Ultrafast Demagnetization Governed by Spin Fluctuations in CaRuO3/SrTiO3 Superlattice

Abstract

For ultrafast magnetization switching devices, critical slowing down in conventional ferromagnets near their Curie temperature constitutes a key challenge that must be overcome. In contrast to this typical behavior, we observe an anomalous acceleration of demagnetization in CaRuO3/SrTiO3 superlattices, a moderately correlated weak itinerant ferromagnet. The demagnetization rate increases with rising temperature, pump fluence, and applied magnetic field. To explain these anomalous phenomena, we develop a phenomenological model integrating the three-temperature model with self-consistent renormalization theory.
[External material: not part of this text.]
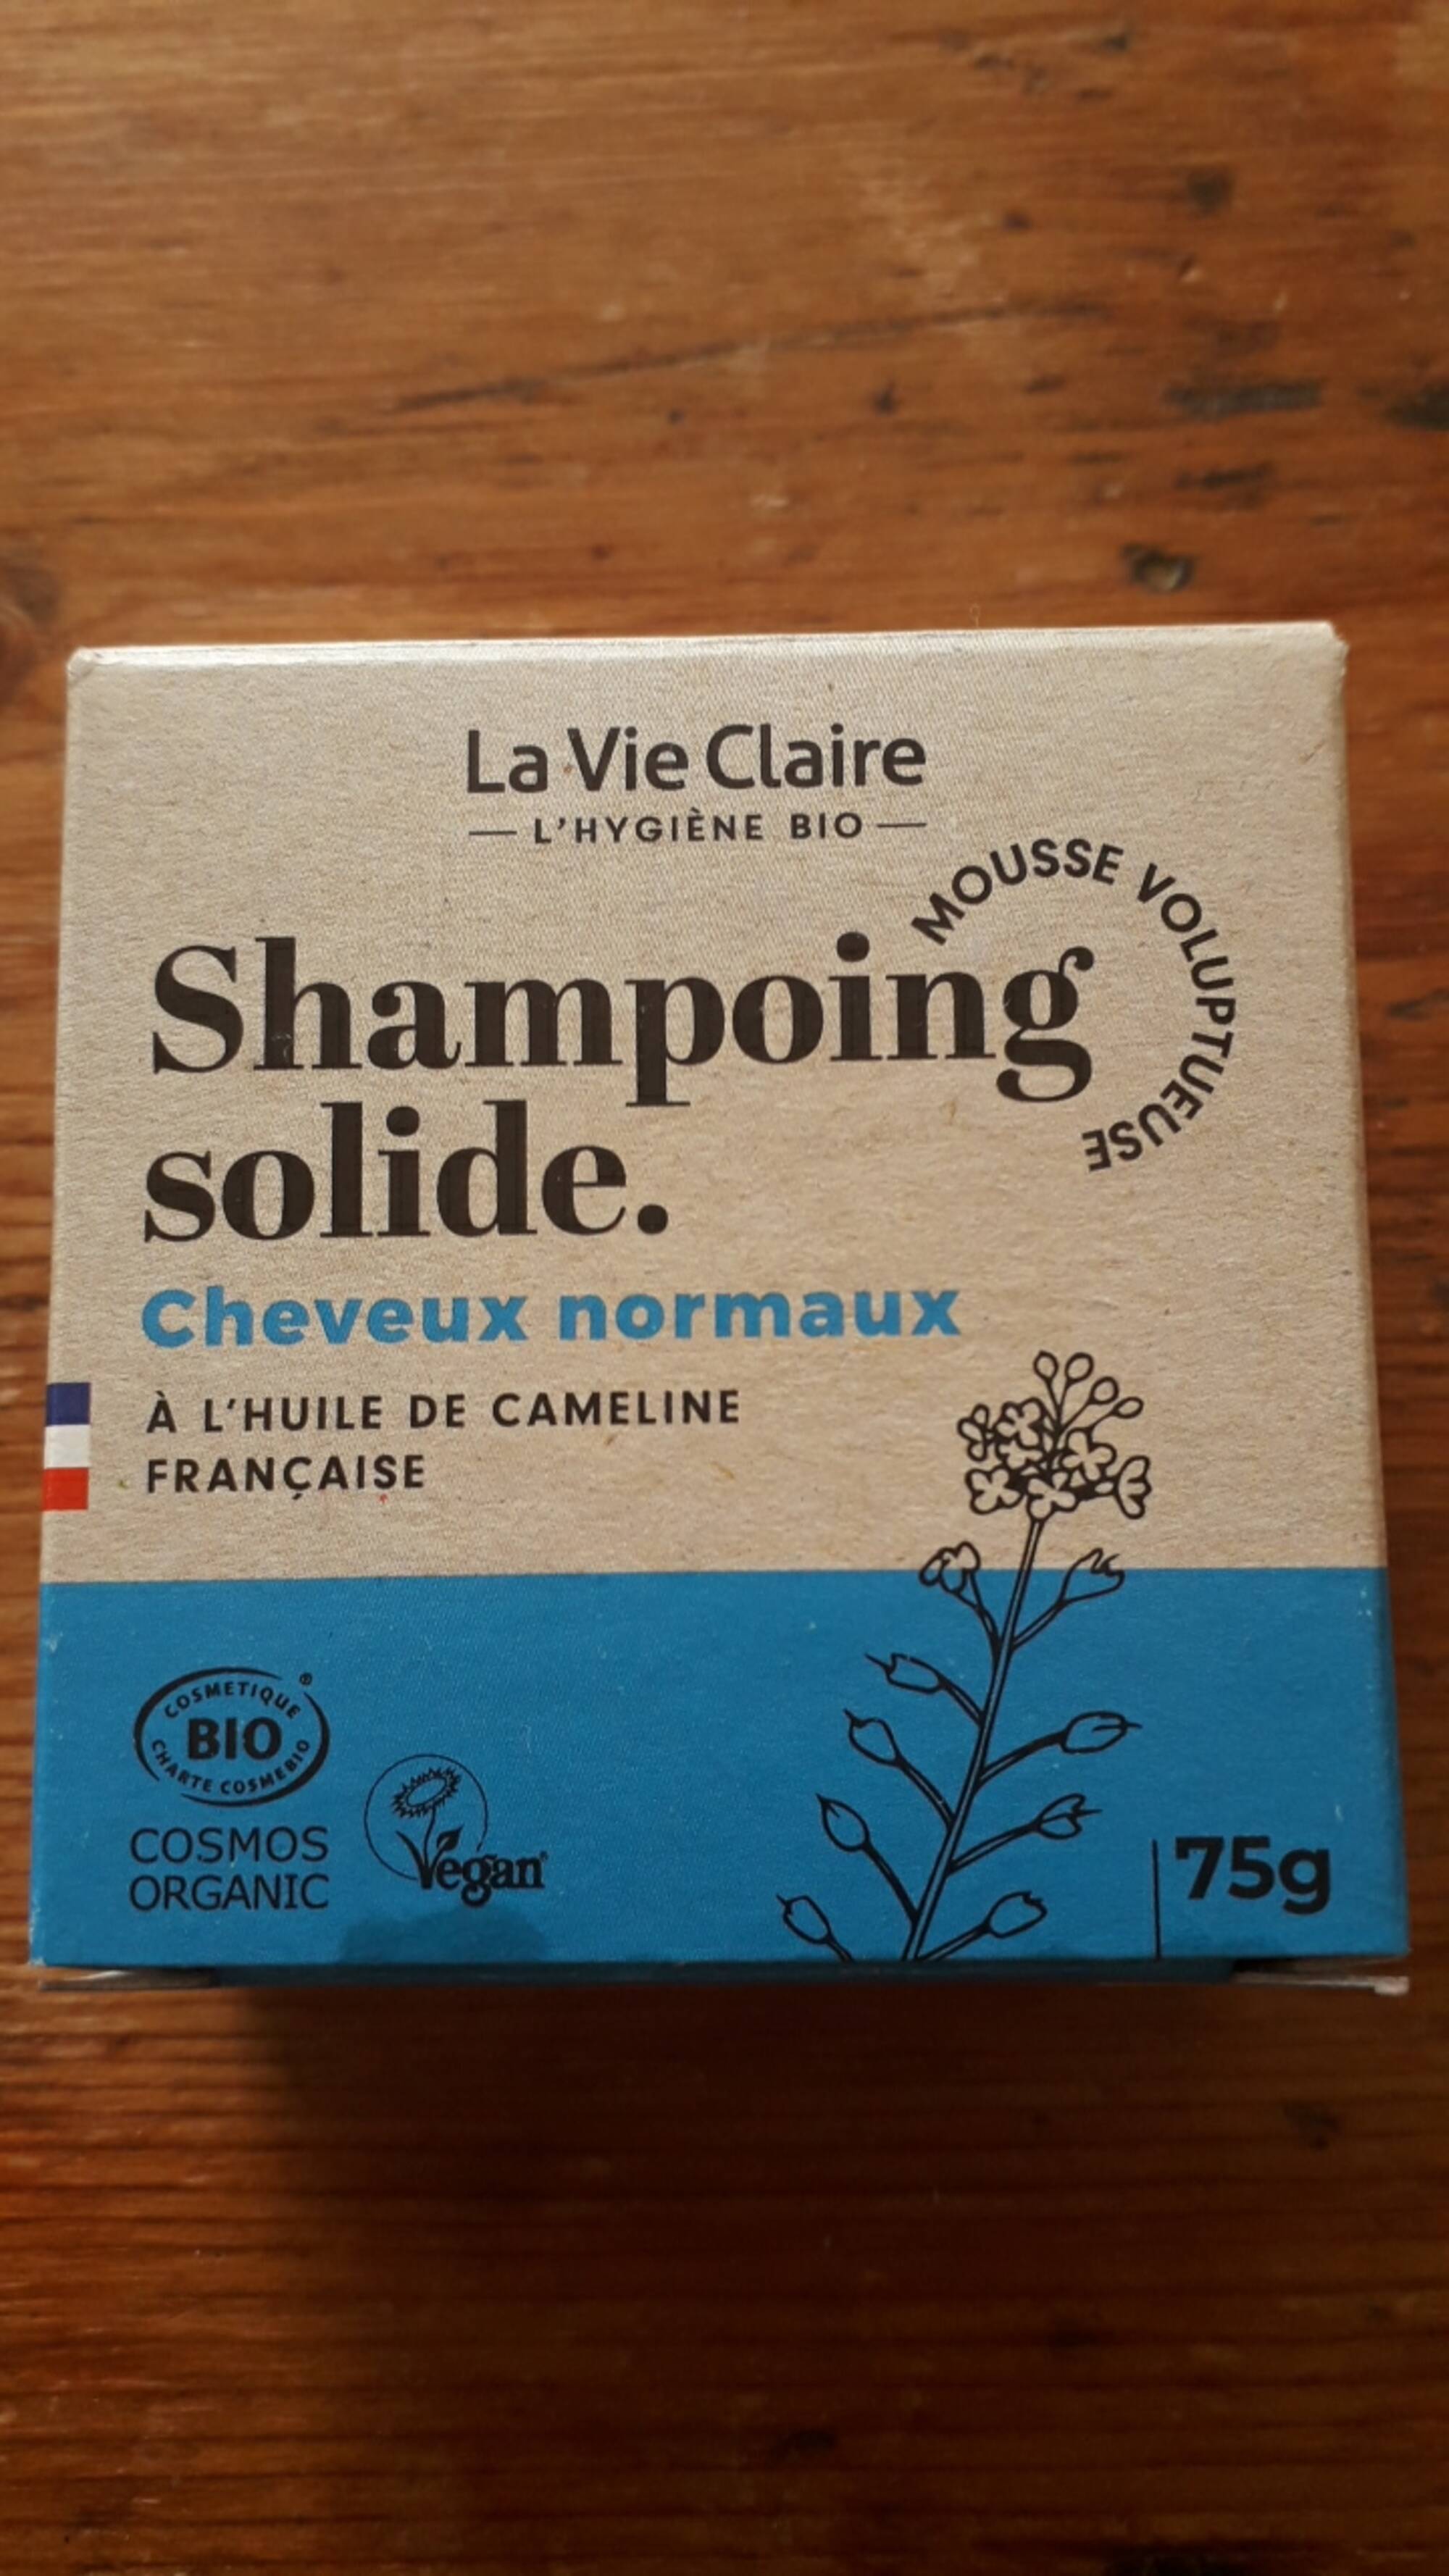 LA VIE CLAIRE - Shampoing solide - Cheveux normaux

Because the intrinsic gradient magnetism of the superlattice suppresses the typical divergence of specific heat, the conventional thermodynamic bottleneck is bypassed. Our model reveals that this decoupling enables the ultrafast dynamics to be predominantly governed by the spin-fluctuation-driven enhancement of the electron-spin scattering vertex. Our work demonstrates how spatial inhomogeneity can decouple macroscopic thermodynamic singularities from microscopic scattering processes, offering a new paradigm for manipulating ultrafast spin dynamics in correlated quantum materials. The pronounced sensitivity of the demagnetization rate to external parameters further suggests the potential for designing highly tunable ultrafast spintronic devices that leverage enhanced fluctuations near the magnetic instability.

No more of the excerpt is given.